Duterte and Xi Jinping are like street tough guys

Picture Credit: Xi and Duterte video grab

President Rodrigo Duterte’s Foreign Secretary Alan Peter Cayetano said his president and China’s Xi Jinping are street tough guys who respect each other and don’t want to fight, said the Post.

Cayetano said they are two different people, but two people who deeply believe in their countries and deeply believe that they can at this juncture in history choose to be either useless or to be a game changer.

And they are two people who want to find a solution to a common problem and who don’t want to fight each other.

In the streets of Philippines we call the big guy a siga (tough guy). That big guy has some mutual respect for the big guy in the next street and somehow they get along.

The foreign secretary said the relations between Duterte and Xi is based on the independent foreign policy of the Philippines.

“It is only by being independent that you can fight for your nation’s interests.

Then there is something innate to the president, a philosophy formed early on in life.
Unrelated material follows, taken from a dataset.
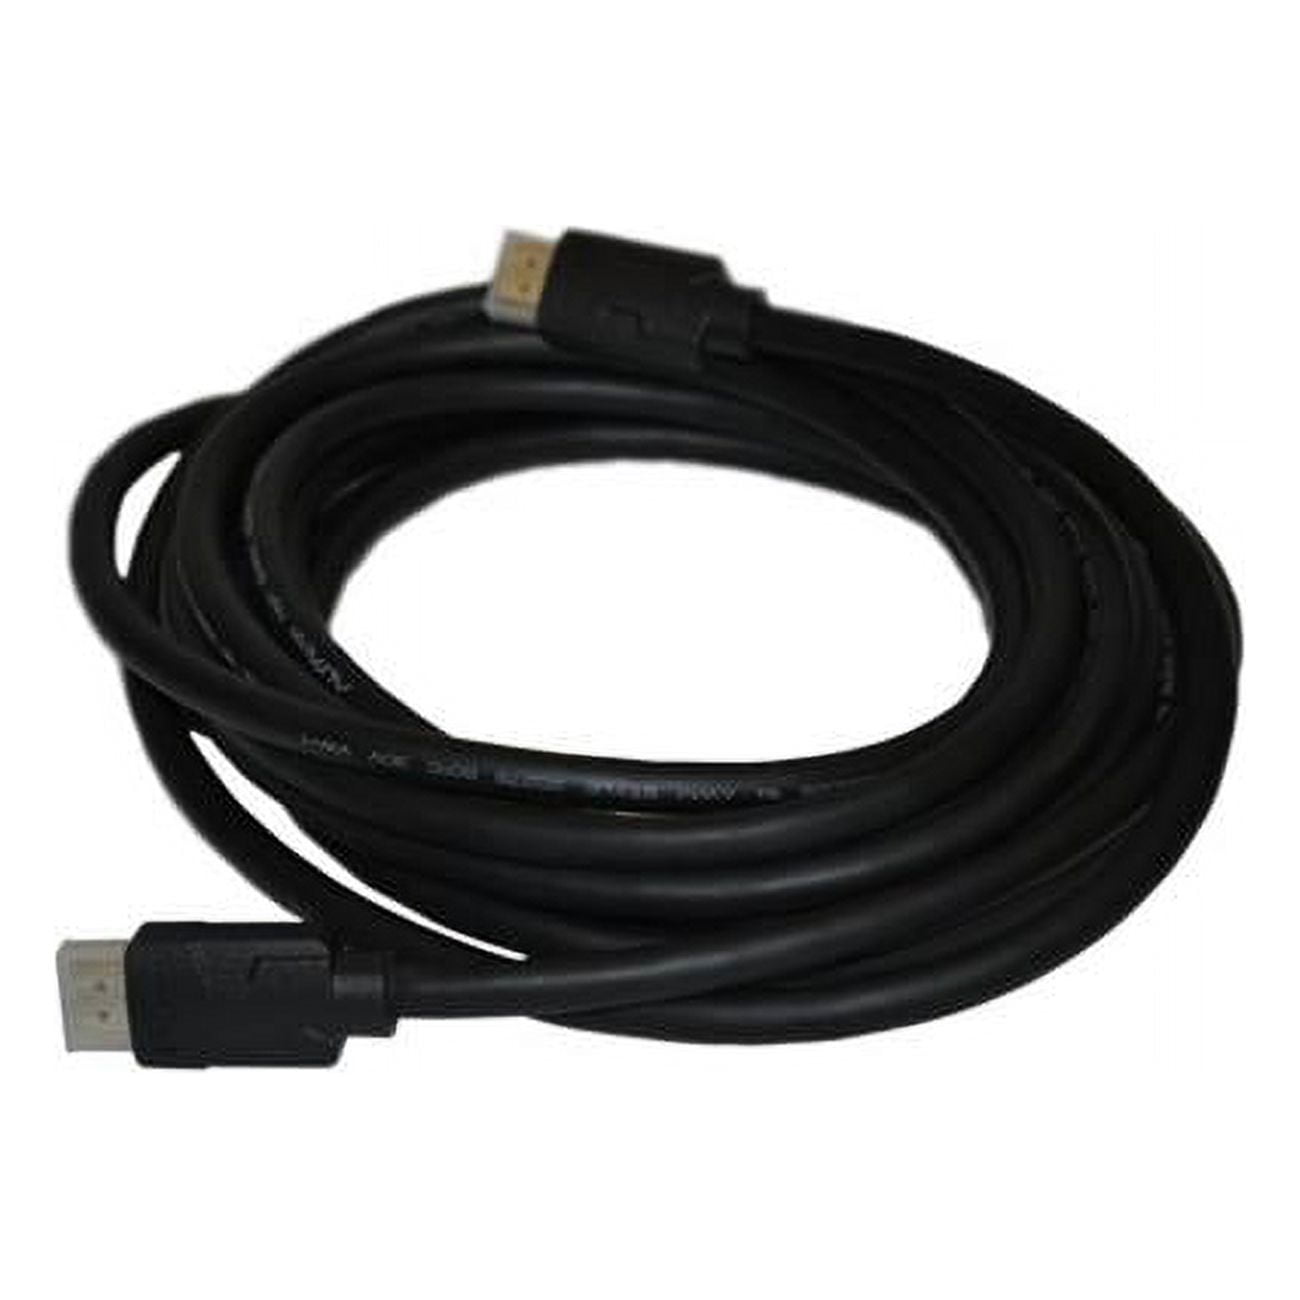 5 m HDMI Cable

Davao was a chaotic place in the 1960s and 1970s, so when President (Rodrigo) Duterte came … there was violence.

“So he said if you want peace in Davao, if you want to progress, you have to have peace and if you want peace, you have to accept people’s ideas. This carried over when he became president,” said Cayetano.

The later said Duterte believed if you want development – progress – you have to have peace.
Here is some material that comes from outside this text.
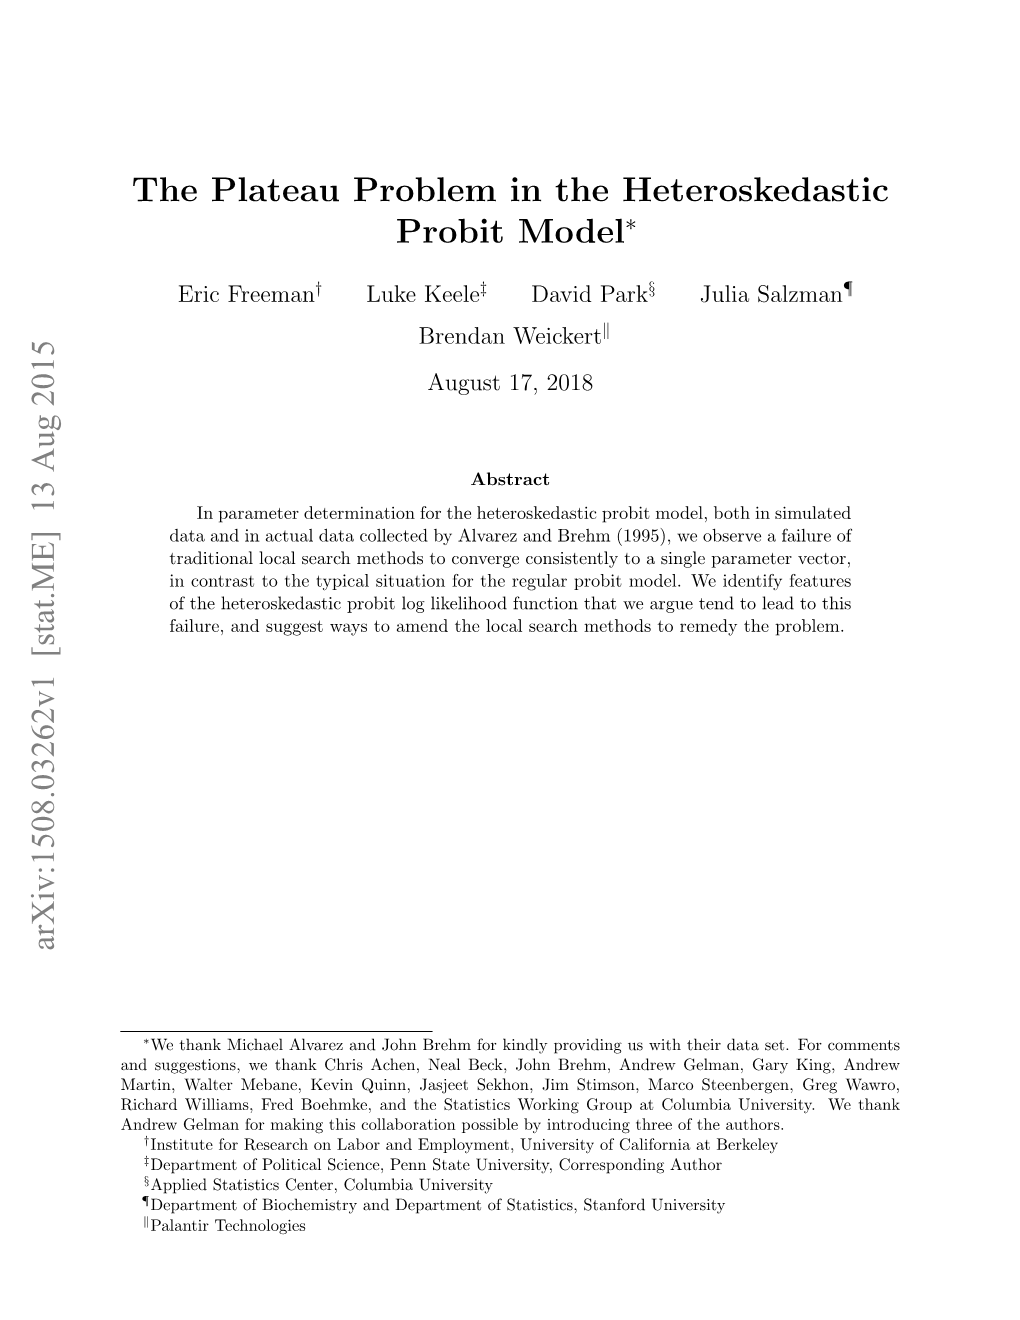 The Plateau Problem in the Heteroskedastic Probit Model Arxiv:1508.03262V1 [Stat.ME] 13 Aug 2015

“But if you are constantly bickering with your neighbours whoever they are, you can’t focus on progress and development. The president is a very well-read person and he saw that the dispute in the South China Sea has multi-claimants.”

Asean and the art of living with China

Cayetano said the Philippines has disputes with Malaysia and Vietnam but will not do anything to destroy the relationships between the two Asean member states.

Manilla’s approach to the South China Sea (SCS) conflict split the Asean movement and has – according to some – weakened the regional association’s unity.

But Cayetano said both the Philippines and China were shouting at each other and were not looking at each other’s claims. The point of talking to China was not to complicate the situation (with China already setting its foot on the claimed territories).